「持続可能な光の中に」佐原ひかり×真下みこと『スターゲイザー』刊行記念対談
普通の人たちの悩みを抱きしめて
真下 三章の「愛は不可逆」で、遥歌が自分の美貌について、「顔が綺麗って言われるけど、それってほめ言葉じゃないと思う。この顔はもともとのものだから、おれがどうとかって話じゃない」と言ってるのが衝撃でした。顔が綺麗と言われる人ってそうなの? って。 佐原 小説の中で語られがちなのって、容姿に恵まれていないがゆえの苦しみですよね。でも、容姿に恵まれている人にも、恵まれているがゆえの悩みがあると思うんですよ。それってたぶん人には言えない悩みなんですよね。「顔を褒められても別に嬉しくない」なんて言ったら「はあ?」みたいな空気になるじゃないですか。でも、本人にとっては切実な悩みかもしれない。 実際、アイドル誌で男性アイドルのインタビューを読むと、「顔がいいって褒めてもらえるんだけどね(笑)」って、ちょっと自虐的に言っている子がいるんですよ。顔がピカイチにいい子が。たしかにその子は踊りとか歌とかが顔に追いついてないって感じだったので、コンプレックスを感じているだろうし、周りからやっかまれることもあるのかも。そこは言語化しておくべきところだなと思いました。 ――大丈夫そうに見えても悩んでいる部分がきっとあるみたいなのは、真下さんの新刊『かごいっぱいに詰め込んで』のテーマにも通じるところがありますね。 佐原 『かごいっぱいに詰め込んで』を読んで、「真下さん、マジですごいことやっている」と思ったんですよ。何がすごいかというと、ここに出てくる人たちって、本当に普通の人たちなんです。私の場合は特殊な人たちが、その特異性に対して悩んでいる話を書きがちなんですけど、真下さんは『かごいっぱいに詰め込んで』でごく普通の市井の人たちの悩みを描いている。
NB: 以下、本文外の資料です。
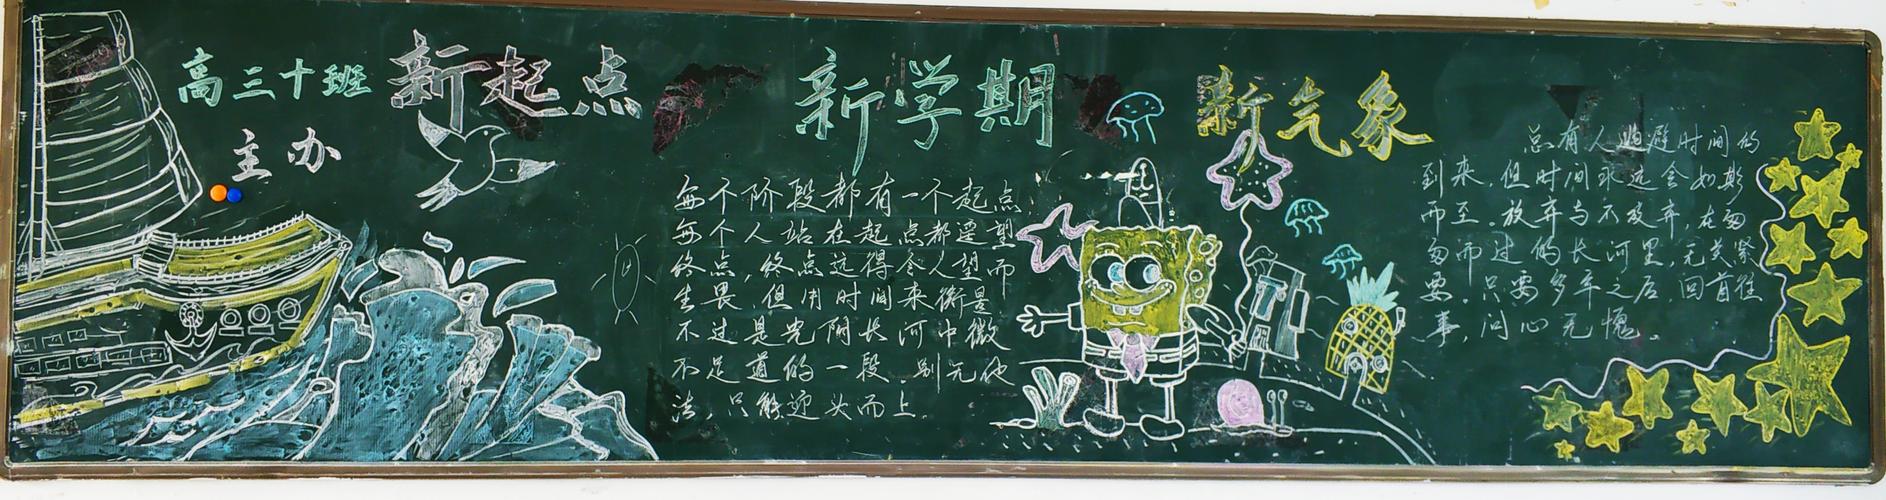 其它 汉阳一中9月黑板报评比 写美篇 高三年级正处紧张复习备考的关键

誰でも身に覚えがある、ふだん見落としてしまっている悩み。それってかなり難しいことだと思います。 例えば第一話の「おしゃべりなレジ係」。主人公の美奈子が専業主婦を二十年やってから就職活動を始めるんですが、なかなかうまくいかない。そういえば、うちの母親も定年退職を迎えて、もうちょっと働きたいからってハローワークに行ったんですけど、なかなか採用されなくて悩んでいたことを思い出しました。 第四話の「なわとびの入り方」は妊活の話。私の友人にも、主人公の咲希のように、周りに追いつかなきゃみたいな感じで悩んでいる人がいて、どんな言葉をかけたらいいか分からなかったことを思い出しました。そういう自分の身近にいる人たちの悩みをちゃんとすくい上げて、抱きしめていると思いましたね。